Semelhante confissão tem sido o objetivo da maioria dos discípulos,
através dos tempos; mas, essa atitude desassombrada é uma
das faces da realização, sem constituir, entretanto, o seu
precioso conjunto.
Confessar o Cristo, diante dos homens, é revelar-lhe a luz e o
poder, em ações de amor e desprendimento, que os homens
vulgares ainda não conhecem. Não será instituir convicções
apressadas nos outros, mas pautar a vida em plano diferente e superior,
de sorte que os espíritos mais frágeis ou levianos possam
encontrar, junto de nossa alma algo de mais elevado, que não sentem
noutros lugares e situações do mundo.

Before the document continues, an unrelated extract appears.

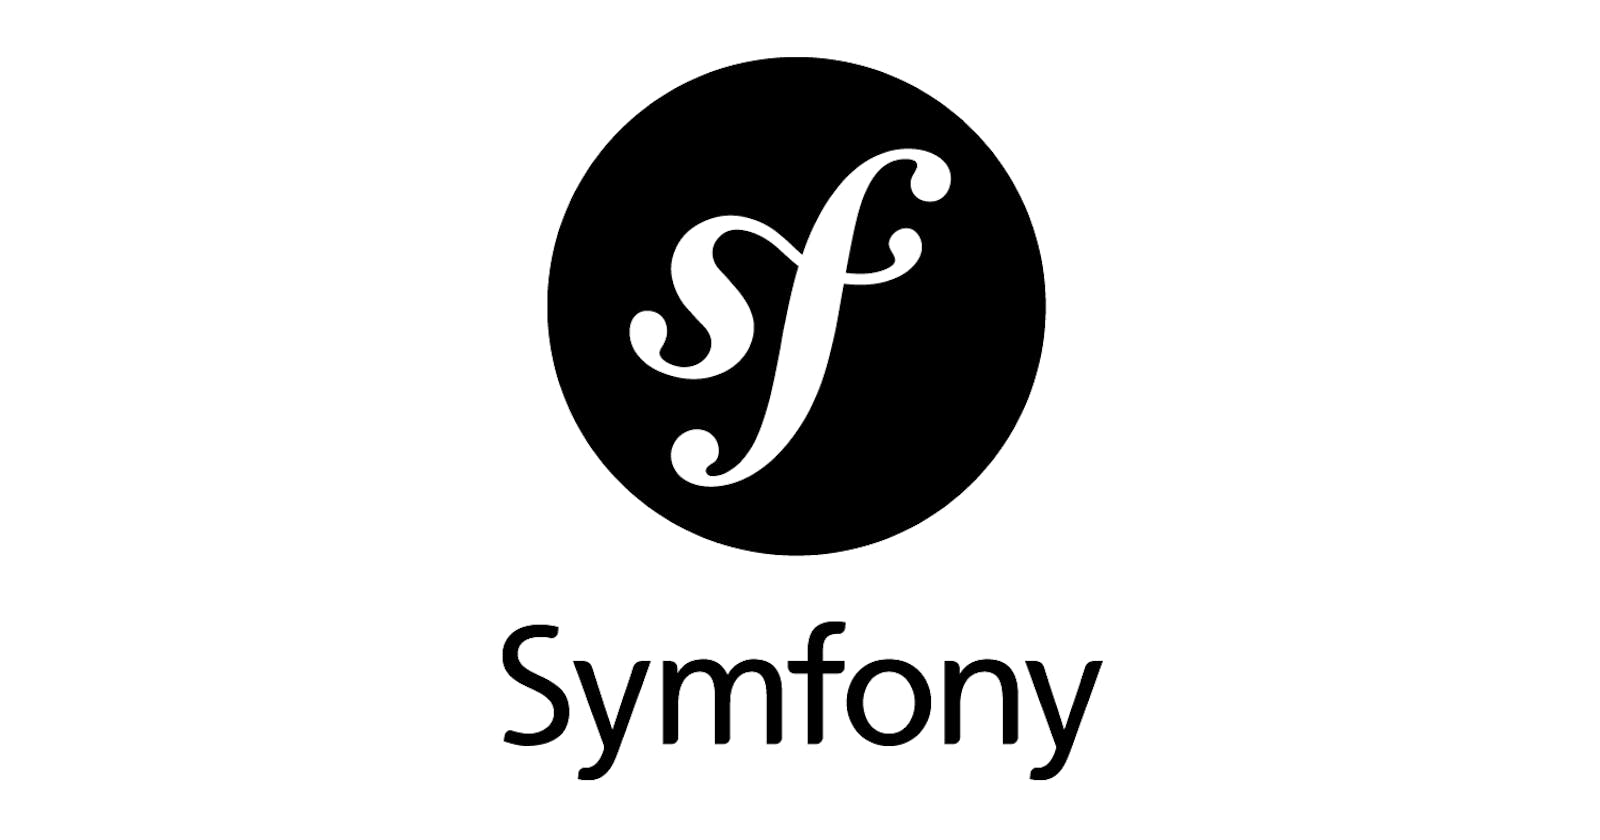 Validating requests in the Symfony app

Não é
fácil confessar a Jesus entre as comunidades terrestres, quando
sabemos que Ele próprio foi por elas conduzido à cruz do
martírio; mas, é dessa confissão que a sua palavra
persuasiva nos fala no Evangelho da Verdade e do Amor.
É preciso se precate o discípulo contra o perigo de uma
adesão verbal, sem a participação de suas energias
interiores. O Senhor deseja ser confessado por seus continuadores nas
estradas do mundo; mas, esse ato não se pratica apenas por palavras
e sim por todas as demonstrações vivas do coração.